Records for the exercise:
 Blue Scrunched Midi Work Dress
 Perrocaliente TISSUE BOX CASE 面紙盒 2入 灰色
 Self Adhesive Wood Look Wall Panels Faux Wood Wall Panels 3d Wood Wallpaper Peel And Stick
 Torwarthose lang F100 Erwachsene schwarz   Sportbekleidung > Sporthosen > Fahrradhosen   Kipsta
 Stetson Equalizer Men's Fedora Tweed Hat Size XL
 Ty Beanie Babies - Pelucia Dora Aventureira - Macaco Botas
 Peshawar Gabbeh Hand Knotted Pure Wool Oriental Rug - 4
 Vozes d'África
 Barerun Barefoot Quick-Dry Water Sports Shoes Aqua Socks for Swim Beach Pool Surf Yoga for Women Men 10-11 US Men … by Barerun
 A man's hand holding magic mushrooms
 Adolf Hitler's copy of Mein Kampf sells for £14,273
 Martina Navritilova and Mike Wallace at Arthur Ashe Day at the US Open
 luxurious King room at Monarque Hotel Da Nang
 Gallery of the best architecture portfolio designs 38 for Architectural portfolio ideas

What to work on:
A verbatim transcription is needed of the lines above, starting at the line with "Perrocaliente TISSUE BOX CASE 面紙盒 2入 灰色" and ending at the line with "Barerun Barefoot Quick-Dry", both included, and of nothing else.

Exercise result:
 Perrocaliente TISSUE BOX CASE 面紙盒 2入 灰色
 Self Adhesive Wood Look Wall Panels Faux Wood Wall Panels 3d Wood Wallpaper Peel And Stick
 Torwarthose lang F100 Erwachsene schwarz   Sportbekleidung > Sporthosen > Fahrradhosen   Kipsta
 Stetson Equalizer Men's Fedora Tweed Hat Size XL
 Ty Beanie Babies - Pelucia Dora Aventureira - Macaco Botas
 Peshawar Gabbeh Hand Knotted Pure Wool Oriental Rug - 4
 Vozes d'África
 Barerun Barefoot Quick-Dry Water Sports Shoes Aqua Socks for Swim Beach Pool Surf Yoga for Women Men 10-11 US Men … by Barerun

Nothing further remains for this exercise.